ACTIVITY. Everything in the listing below should be written out again exactly, except the pictures.

DATASET EXTRACT.

----------

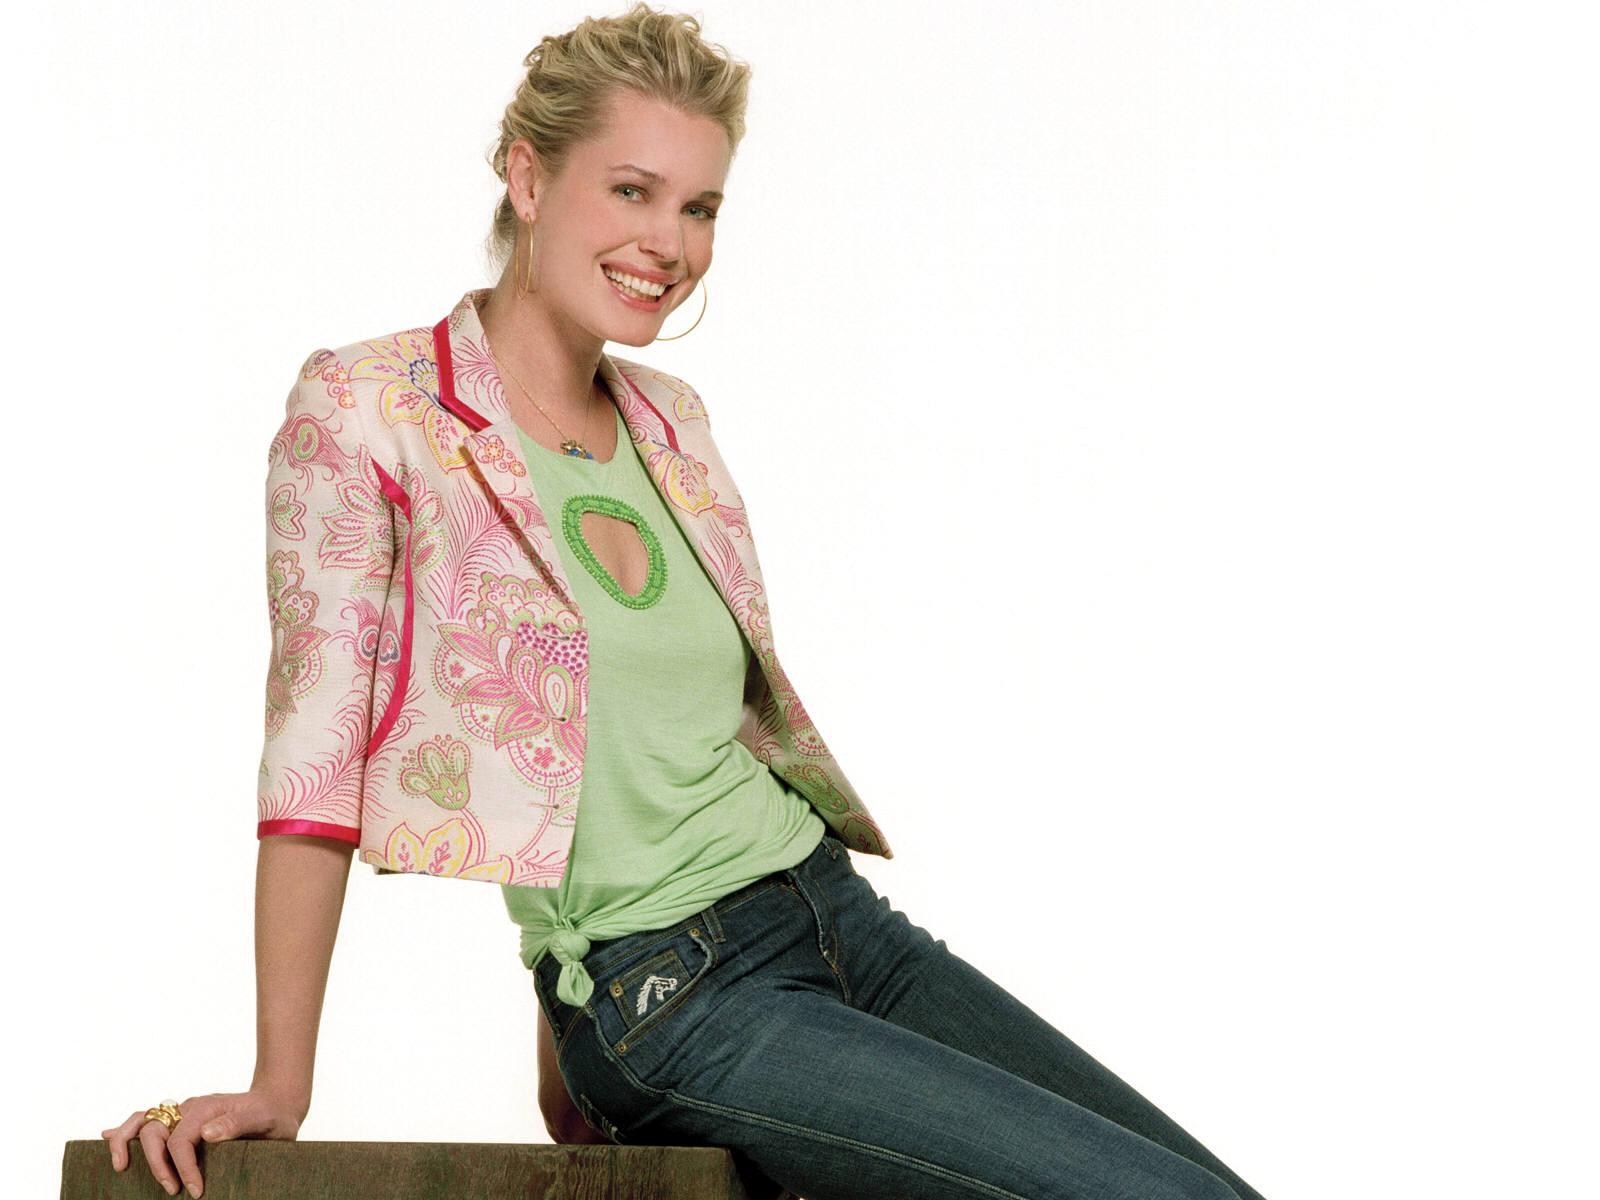 http://2.bp.blogspot.com/_Q_MQFtopsfY/SJCtbYba23I/AAAAAAAAENY/XOUDum_Bshs/s1600/Fullwalls.blogspot.com_Rebecca_Romijn_Stamos%2830%29.jpg
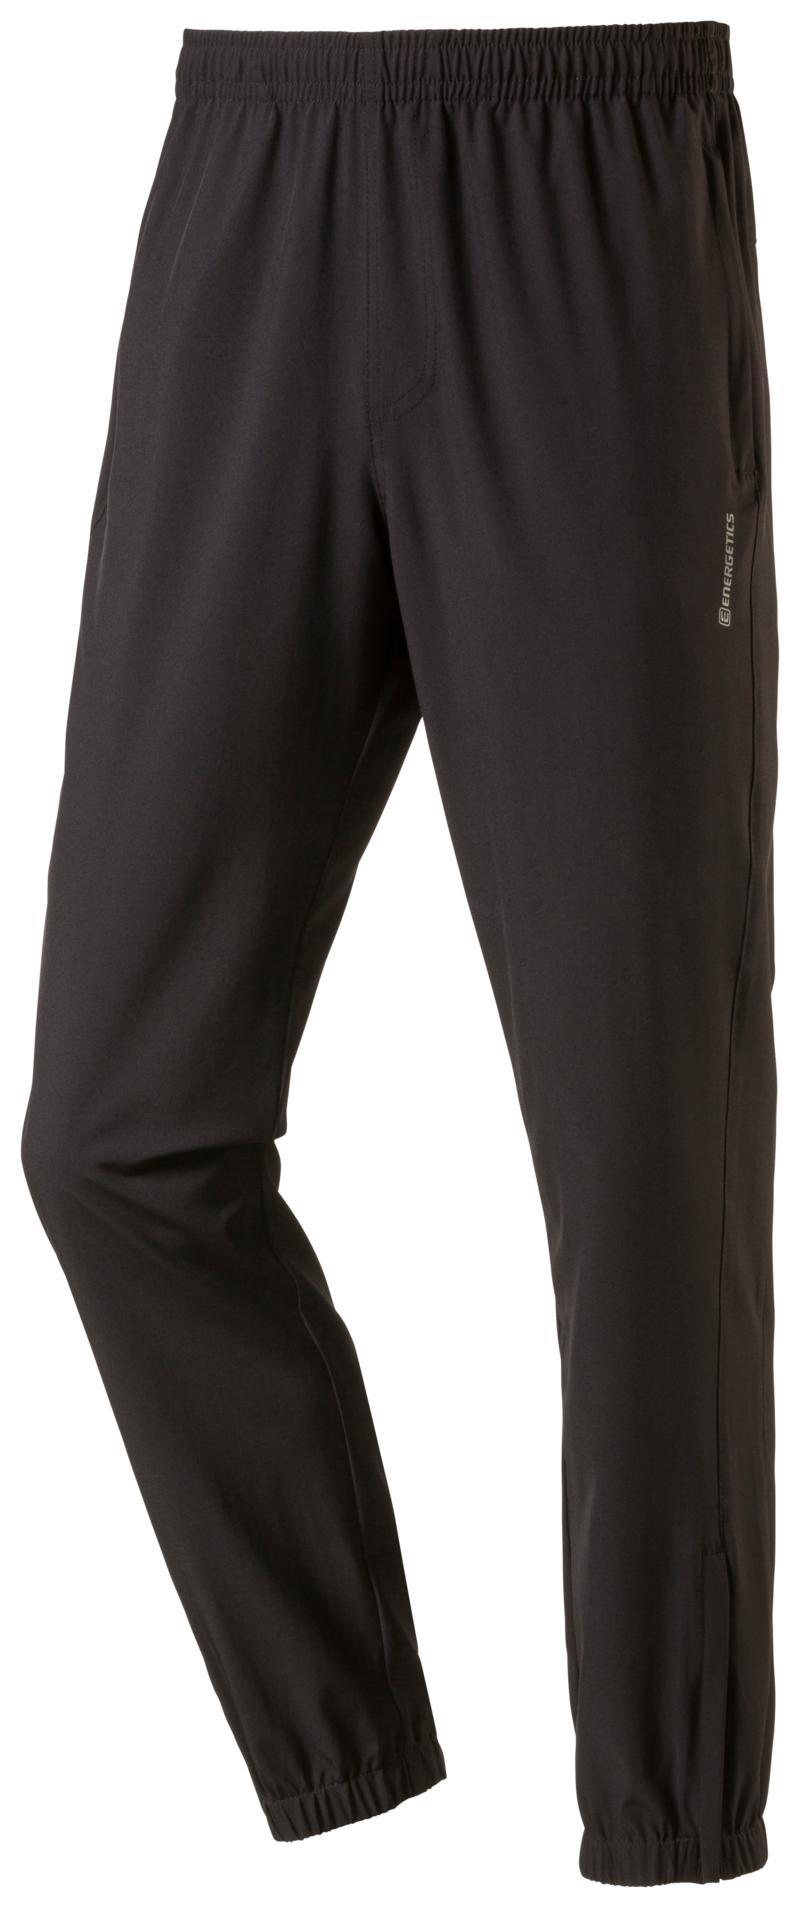 Energetics MAXIR Y UX, moške hlače, črna
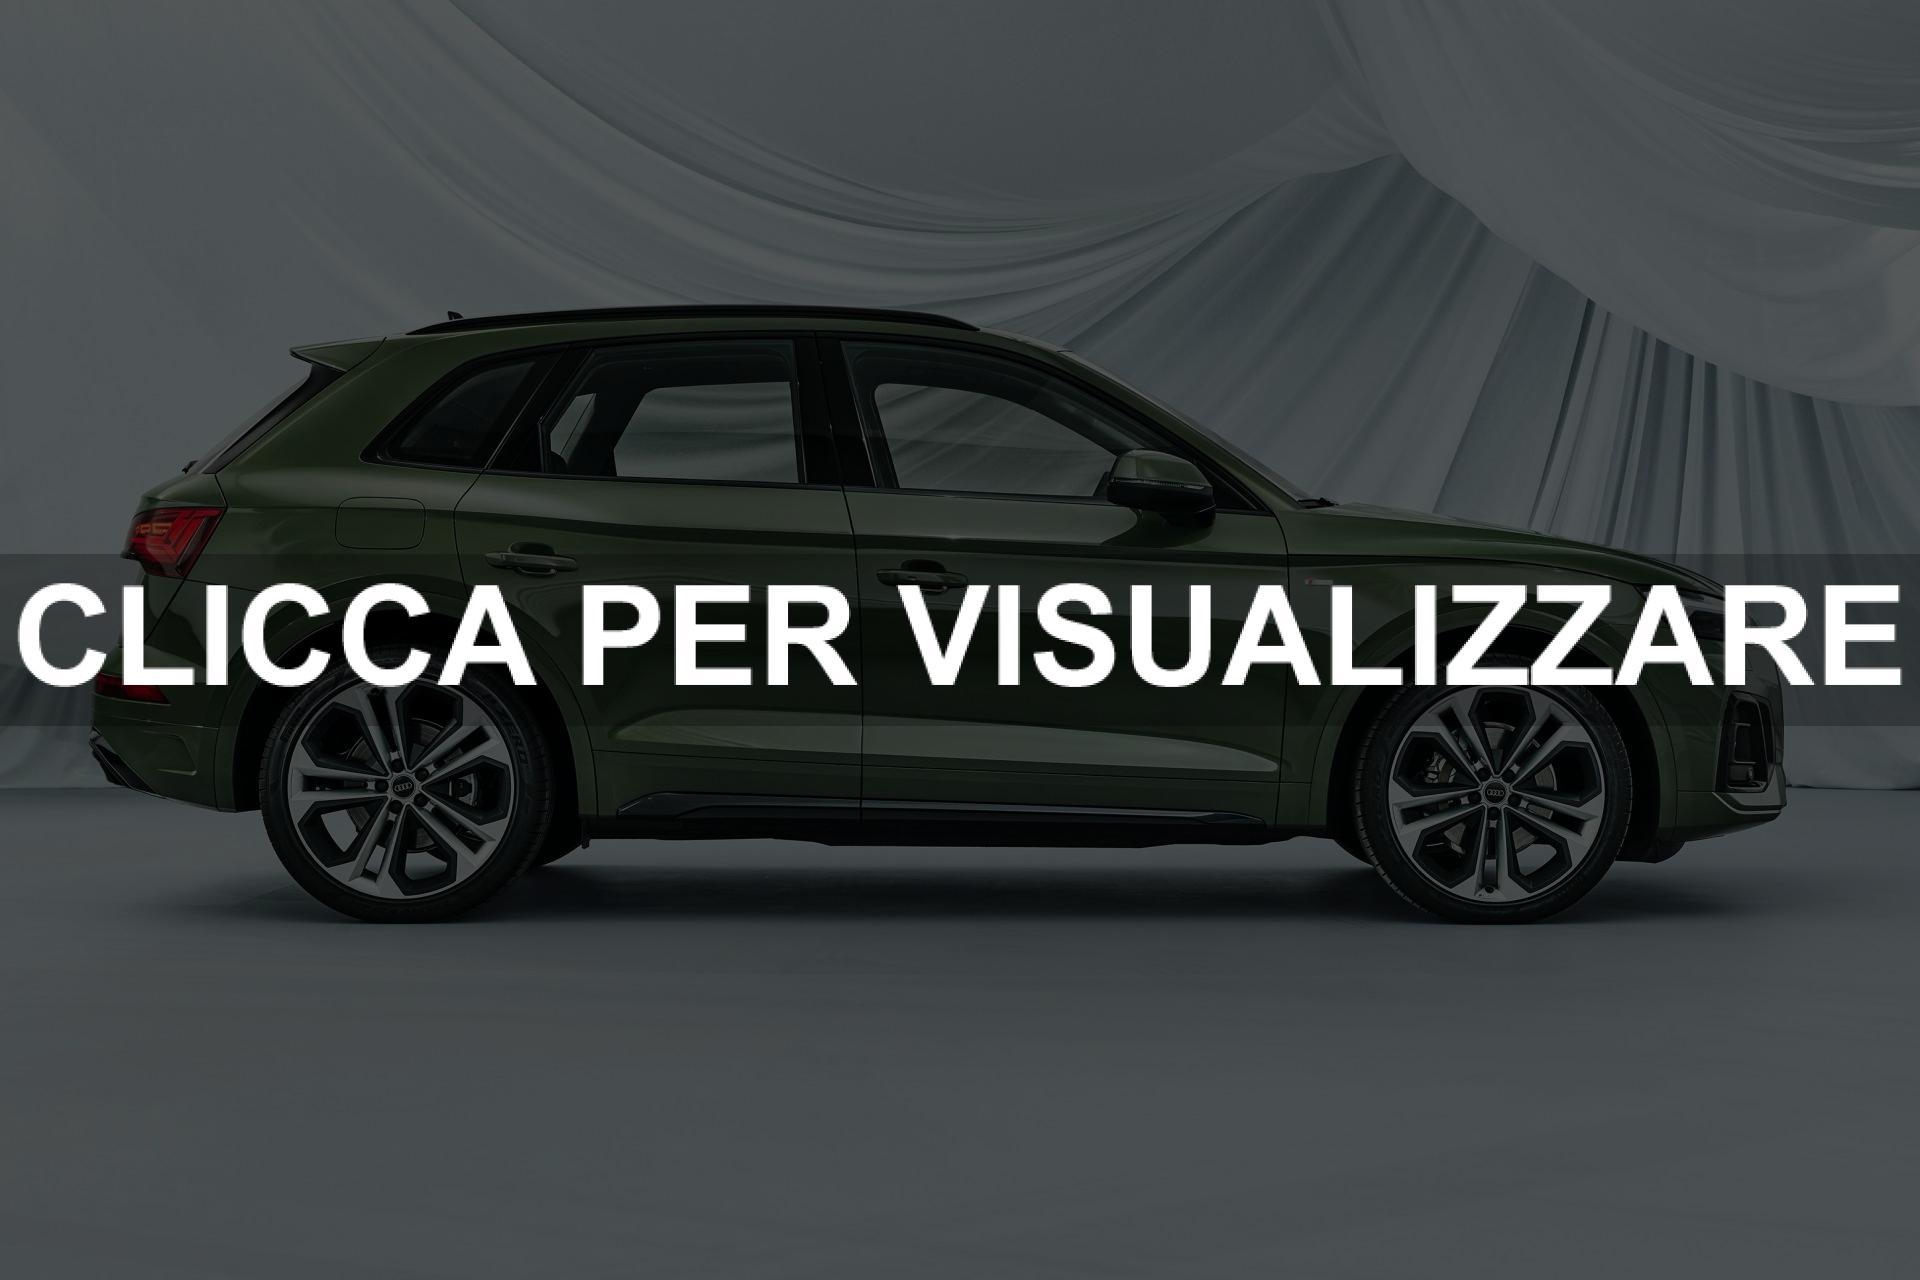 Foto Fiancata nuova Audi Q5 2020

----------

EXERCISE ANSWER.
 http://2.bp.blogspot.com/_Q_MQFtopsfY/SJCtbYba23I/AAAAAAAAENY/XOUDum_Bshs/s1600/Fullwalls.blogspot.com_Rebecca_Romijn_Stamos%2830%29.jpg
 Energetics MAXIR Y UX, moške hlače, črna
 Foto Fiancata nuova Audi Q5 2020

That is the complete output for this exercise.